For them, the epiphany occurred when they were on their way to see Zach’s father, who was in the hospital and requested hand sanitizer when they visited.

“When Zach’s dad was in the hospital (two weeks ago), he asked us to bring hand sanitizer,” Ms. Cordell said. “We stopped at every store and couldn’t find any. We came home after our visit and Zach made if for him. Then we started making it and selling it, once we saw a need in the community.”

Now, with newly imposed state regulations keeping them from opening their easySpeak restaurant and distillery to the public during the coronavirus outbreak, making hand sanitizer has become a nice little side business to “help keep the lights on,” according to Mr. King.

It is also helping provide a vital need to several other businesses, organizations and the community — which is something the family-owned business is quite proud of.

“We’re just trying to be proactive and as people started using (the sanitizer) and asking for it we started making more,” Mr. King said. “(Marissa’s) Facebook post a couple of weeks ago kind of ramped it up from there and state agencies and police departments started to call us, (Georgetown’s) CHEER Center is picking up quite a bit, along with some nursing homes and things like that.

“It’s great. It keeps the light on here while we’re crippled a little bit with the (state’s) regulations, and it keeps people safe. We’re just trying to make as much sanitizer as possible, so we don’t have to tell anyone ‘no.’ We want our direct community and state to be safe and we want to be healthy.”

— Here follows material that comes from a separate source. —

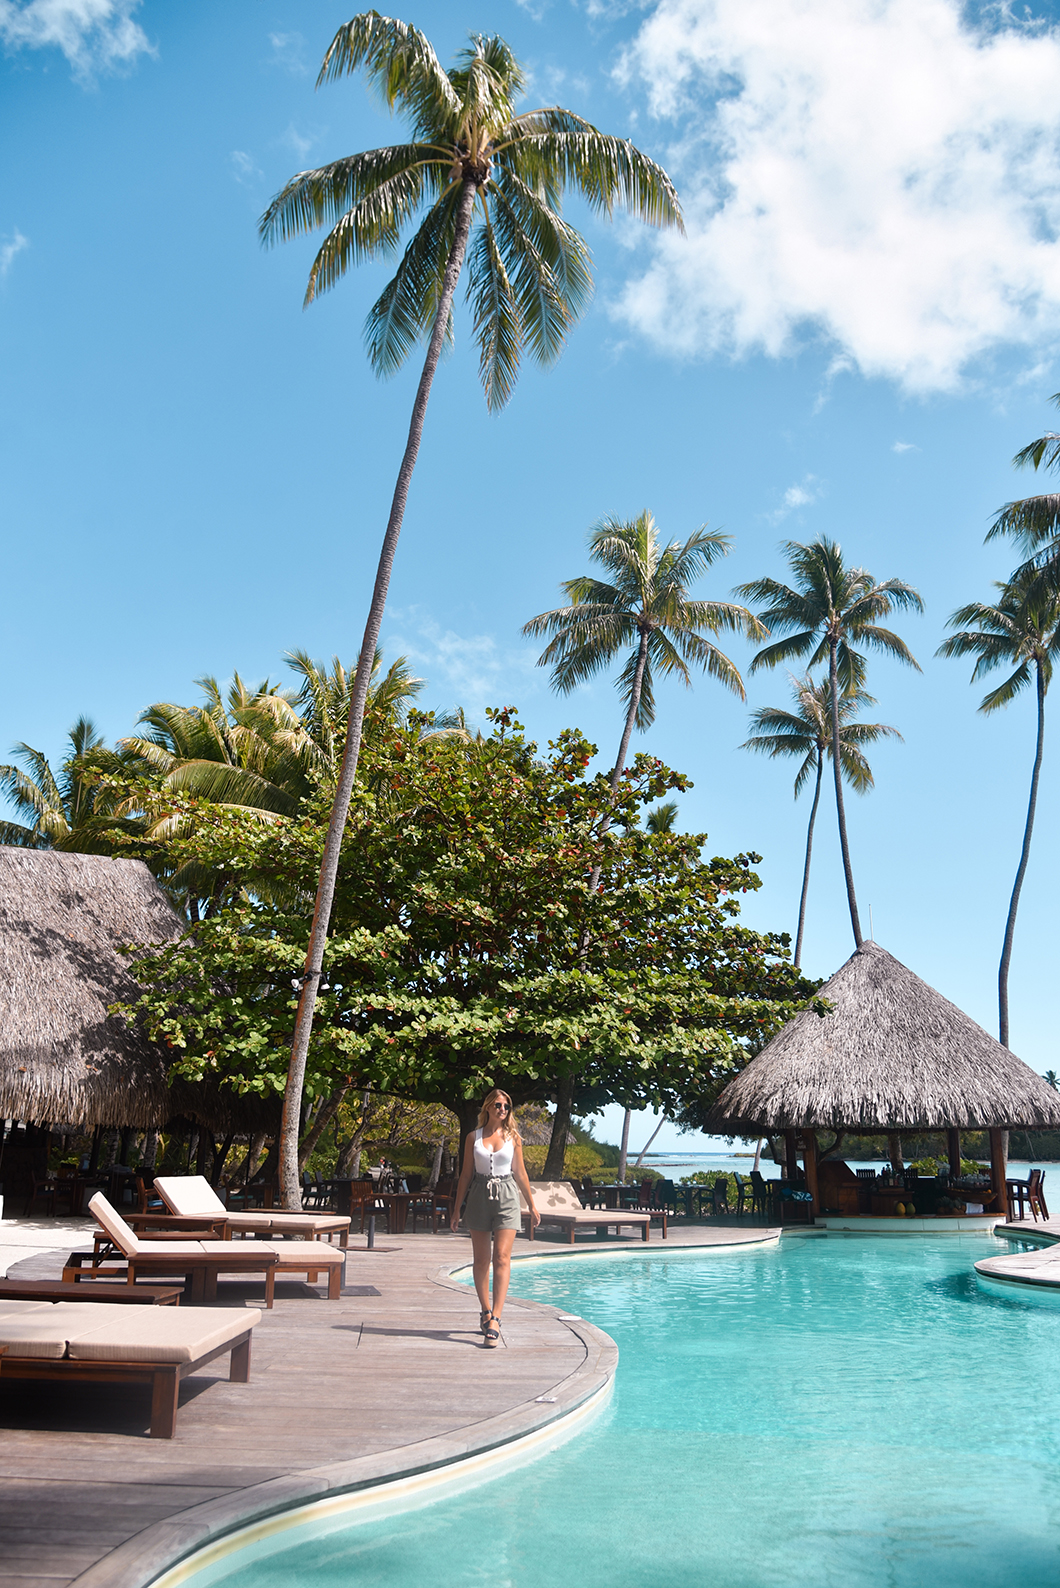 Taha'a Island Resort, l’un des plus beaux hôtels de la Polynésie Française

Right now, for Ms. Cordell, the new normal is having her cell phone ring almost constantly as people search for the ever-elusive hand sanitizer.

“We started distilling our vodka to be hand sanitizer about a week-and-a-half to two weeks ago,” she said. “We did it just because places became short with it, so we were using it around our restaurant for our customers.

“Being a distillery we are lucky enough to have this under our belt and able to use ethanol to make hand sanitizer, so we’ve been using it to wipe down everything and then the next thing we know, there’s a huge shortage, so now we have a bunch of big companies who are reaching out to us for it, needing gallons and gallons of it.”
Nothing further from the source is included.